Les principaux indicateurs de performance révèlent une baisse de l’accessibilité des services financiers, conséquence directe de la fermeture de milliers de points de services à faible activité, notamment dans le secteur de la microfinance.
Repli du taux de pénétration démographique
Le premier indicateur clé retenu par la Bceao est le Taux global de pénétration démographique des services financiers (TGPSFd), qui mesure le nombre de points de services disponibles pour 10 000 adultes.
En 2024, cet indicateur s’est établi à 193 points de services (PoS) contre 204 PoS en 2023, soit une baisse de 11 points. Cette évolution traduit une diminution de l’offre de proximité destinée aux populations.
Selon la Bceao, cette contre-performance s’explique principalement par la fermeture de nombreux points de services de microfinance, dont le nombre a chuté de 54,5%, représentant 5 799 unités supprimées entre 2023 et 2024. Les points de services de monnaie électronique ont également reculé de 1,7%, soit 29 095 unités en moins.

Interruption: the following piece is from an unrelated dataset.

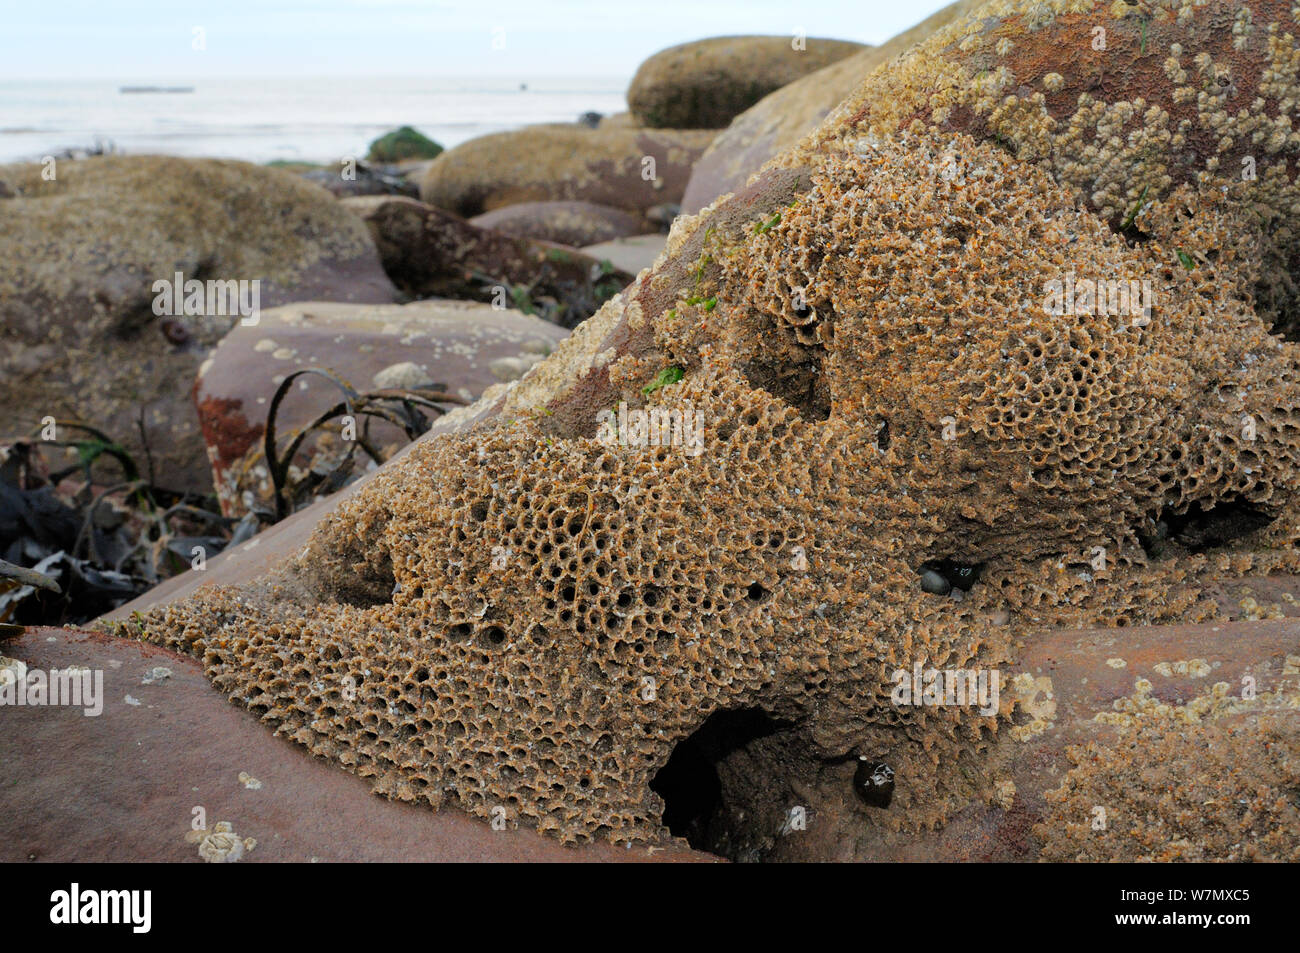 Honeycomb worm reef (Sabellaria alveolata) with clustered tubes built of sand grains attached to boulders, exposed at low tide with the sea in the background, St.Bees, Cumbria, UK, July. Stock Photo

Malgré cette contraction, les services de monnaie électronique demeurent largement dominants, représentant 99% de l’ensemble des points de services financiers de l’Union. Cette situation confirme le rôle central du mobile money dans la stratégie régionale d’inclusion financière.
Le Bénin reste leader de la proximité financière
Au niveau national, le Bénin conserve la meilleure performance démographique avec 417 points de services pour 10 000 habitants, malgré une forte baisse de 191 points sur un an. Le classement régional est complété par le Mali (238 PoS) ; la Côte d’Ivoire (224 PoS) ; le Sénégal (201 PoS) ; le Togo (116 PoS).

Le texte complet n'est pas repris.